Australian property now accounts for about a third of developer Tuan Sing's portfolio after its latest deal to buy up the rest of the upmarket Grand Hotel Group.
Tuan Sing, which already owns 50 per cent of the company, has paid A$126.04 million (S$146.7 million) for the remaining stake.
The transaction is expected to be completed before the end of the year, Tuan Sing said in a statement yesterday.
Grand Hotel Group, which owns the Grand Hyatt Melbourne and Hyatt Regency Perth, had a net asset value of A$276.6 million as at July 31.
The occupancy rate at the two hotels was more than 85 per cent last year.
Net property income from the hotels came in at A$23.7 million from January to July, up 2 per cent over the corresponding period last year.
The combined revenue per available room of the two hotels edged up 1 per cent in the same period from last year.
The company has spent more than A$70 million to renovate, upgrade and increase usable space at the two hotels over the past few years, said Mr William Liem, the chief executive of Tuan Sing.
He added that the company is "confident of reaping the benefits from these asset enhancements".
Mr Liem said: "Through a combination of the strategic plans we have in place, we intend to make Grand Hotel Group more efficient and therefore more profitable over time."
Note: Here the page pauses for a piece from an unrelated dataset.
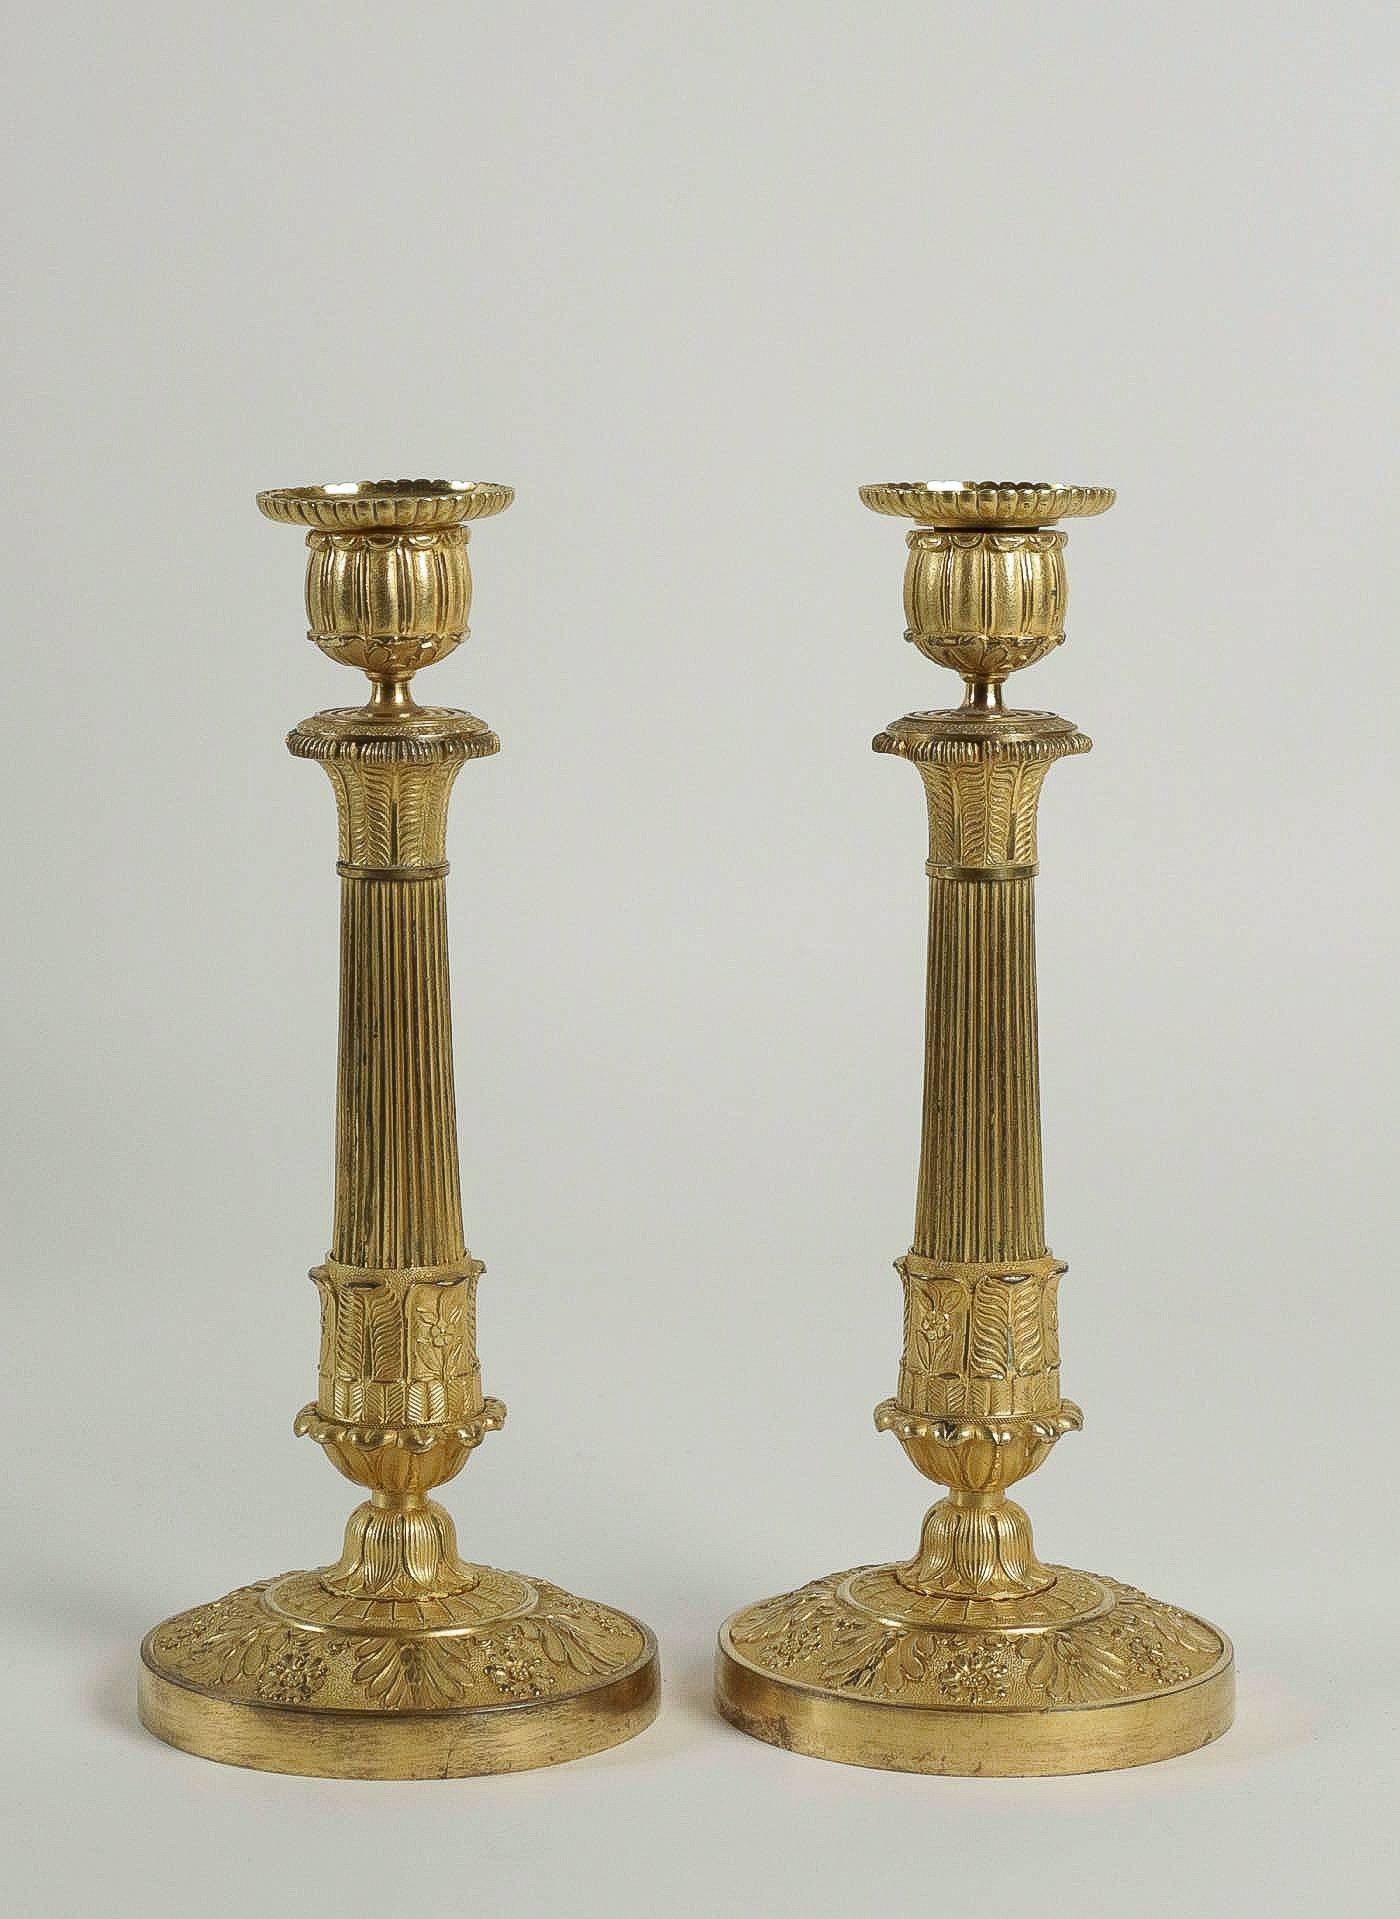 Gilt French Empire Period, Pair of Chiseled Ormolu Candlesticks, circa 1810
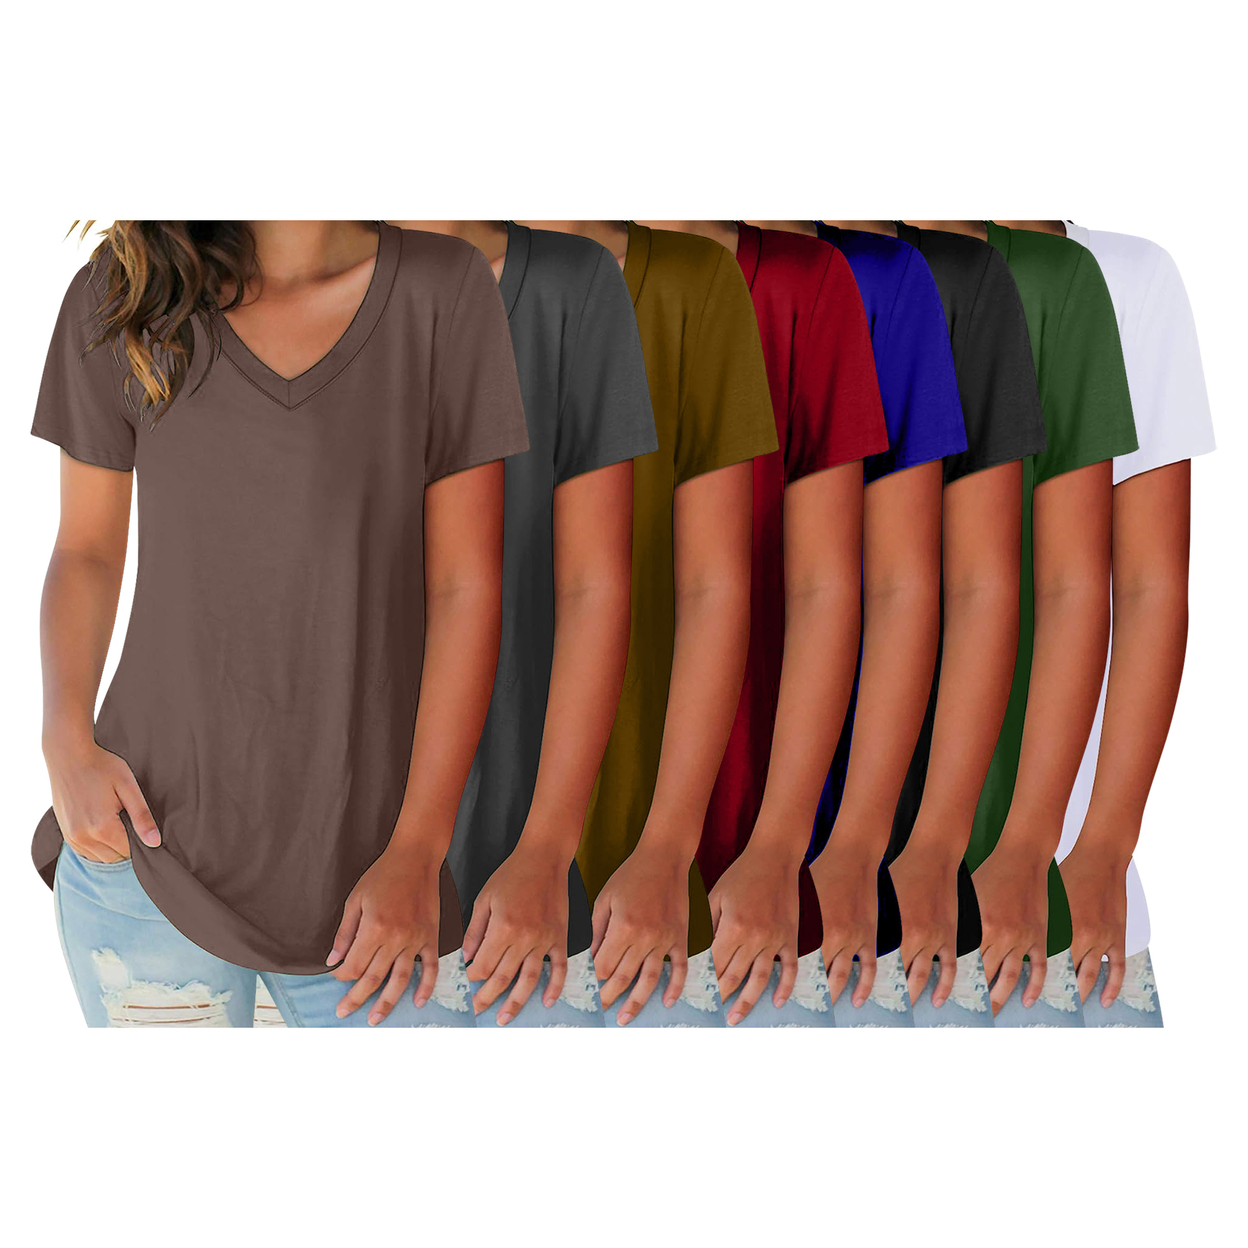 2-Pack: Women's Ultra Soft Smooth Cotton Blend Basic V-Neck Short Sleeve Shirts - Navy & Brown, Medium

Tuan Sing recently posted a 24 per cent decline in net profit for the second quarter ended June 30 to $11.6 million, due to slower progressive recognition of sales at Seletar Park Residence and Sennett Residence and new bookings at Cluny Park Residence.
Tuan Sing also has an industrial services division with tyre distribution and commodities trading activities.
Apart from Australia, Tuan Sing has land in Jiaozhou, Qingdao in China.